» What you will do:
Pictures should be left out when the listing below is repeated word for word.

» Given material:

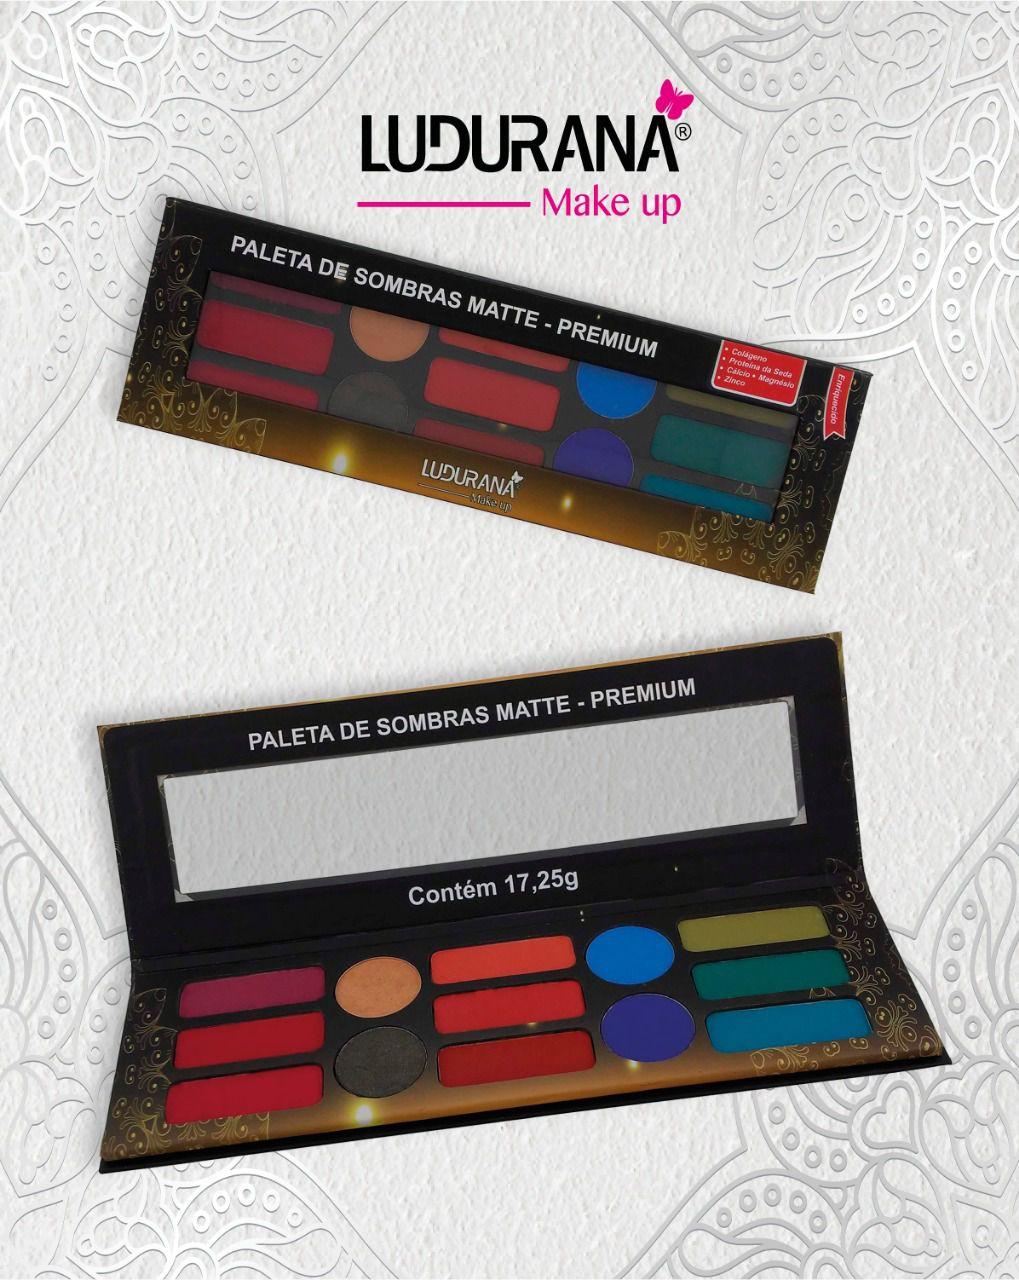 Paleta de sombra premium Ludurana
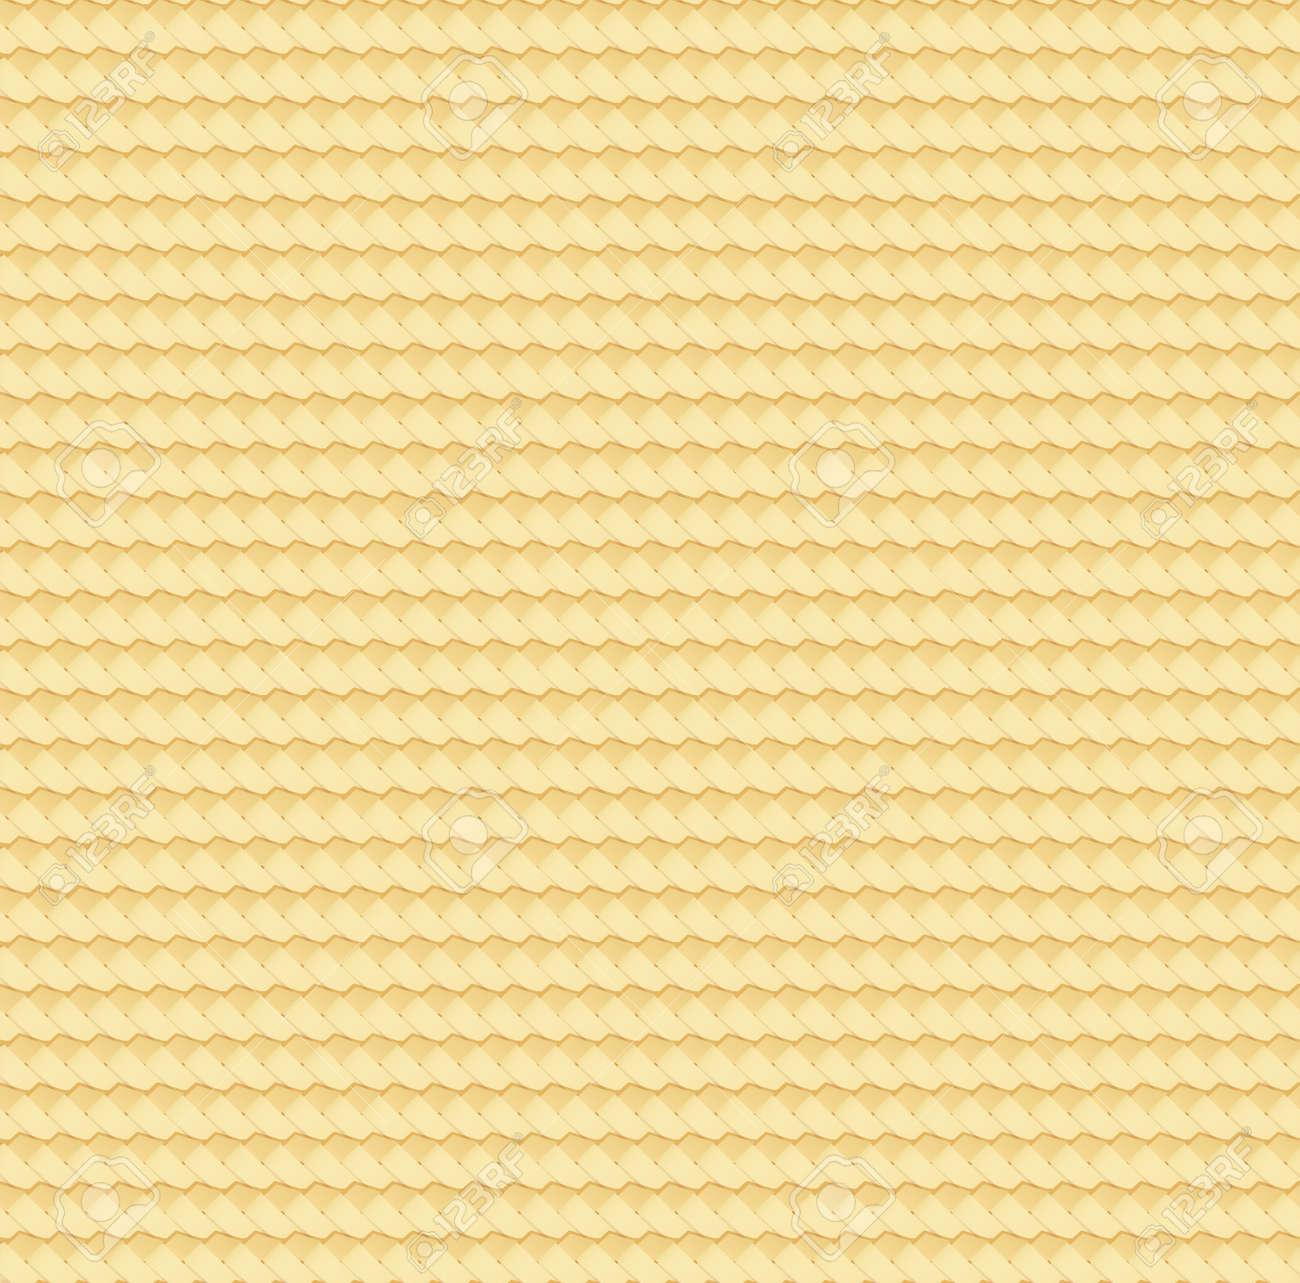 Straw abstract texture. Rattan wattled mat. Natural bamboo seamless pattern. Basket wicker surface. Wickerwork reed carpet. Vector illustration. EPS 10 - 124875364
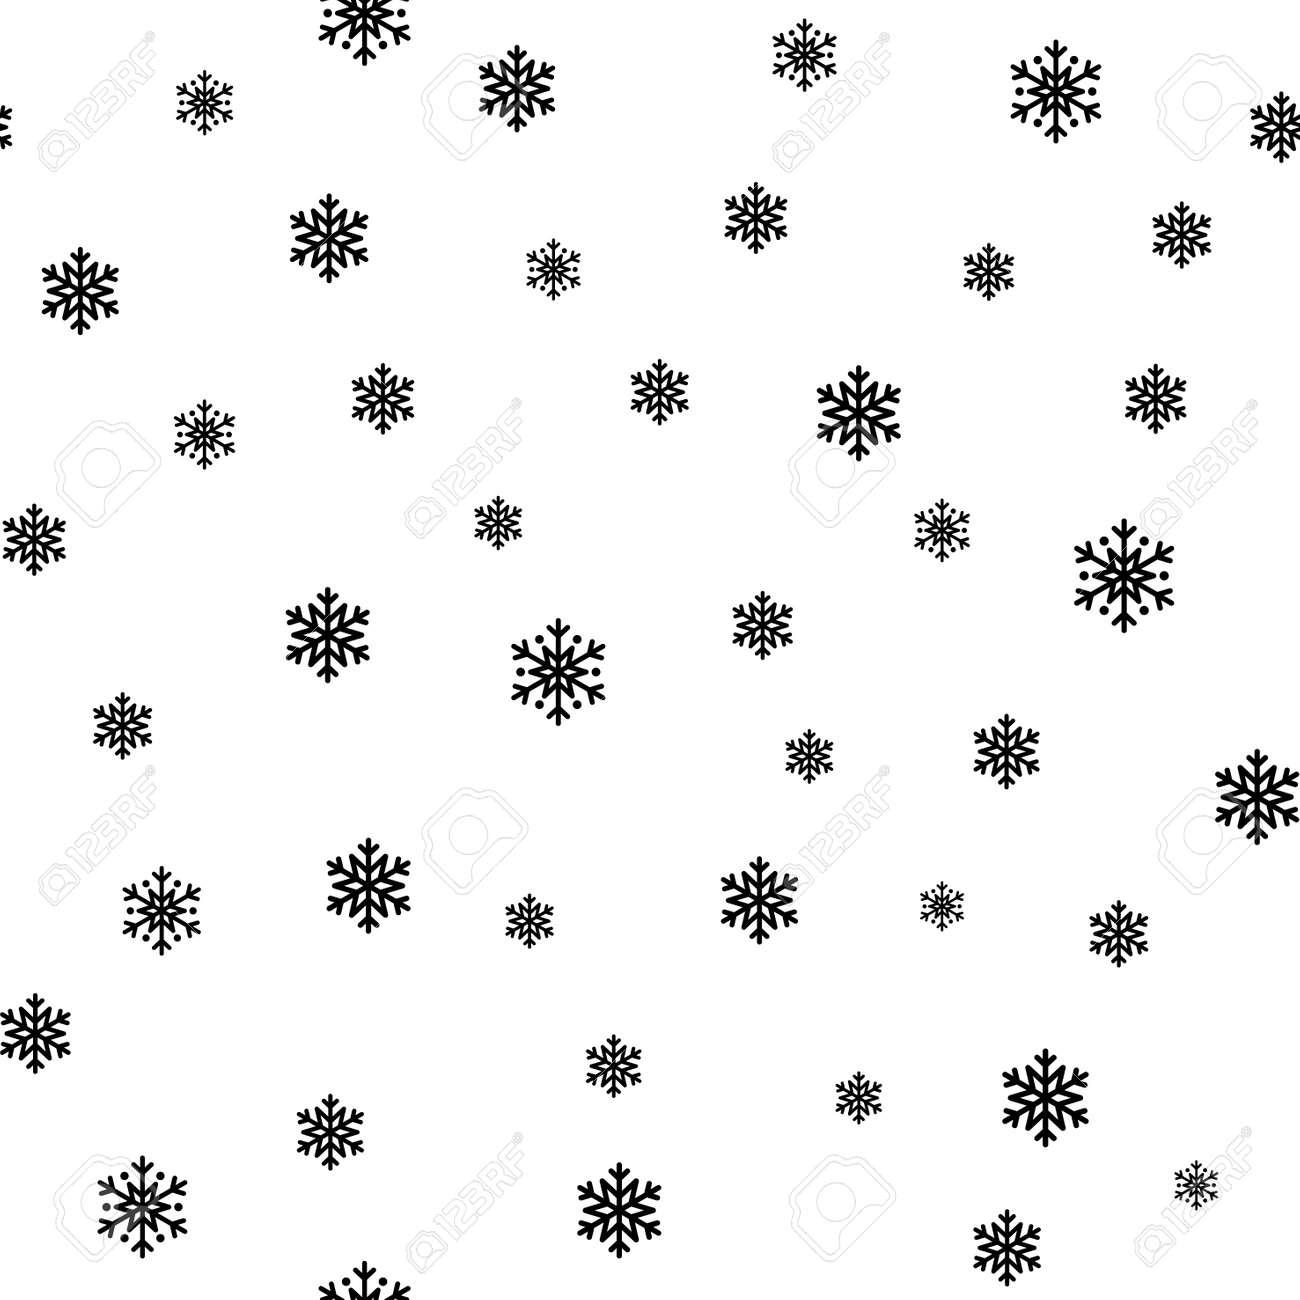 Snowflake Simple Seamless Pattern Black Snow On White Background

» Response:
 Paleta de sombra premium Ludurana
 Straw abstract texture. Rattan wattled mat. Natural bamboo seamless pattern. Basket wicker surface. Wickerwork reed carpet. Vector illustration. EPS 10 - 124875364
 Snowflake Simple Seamless Pattern Black Snow On White Background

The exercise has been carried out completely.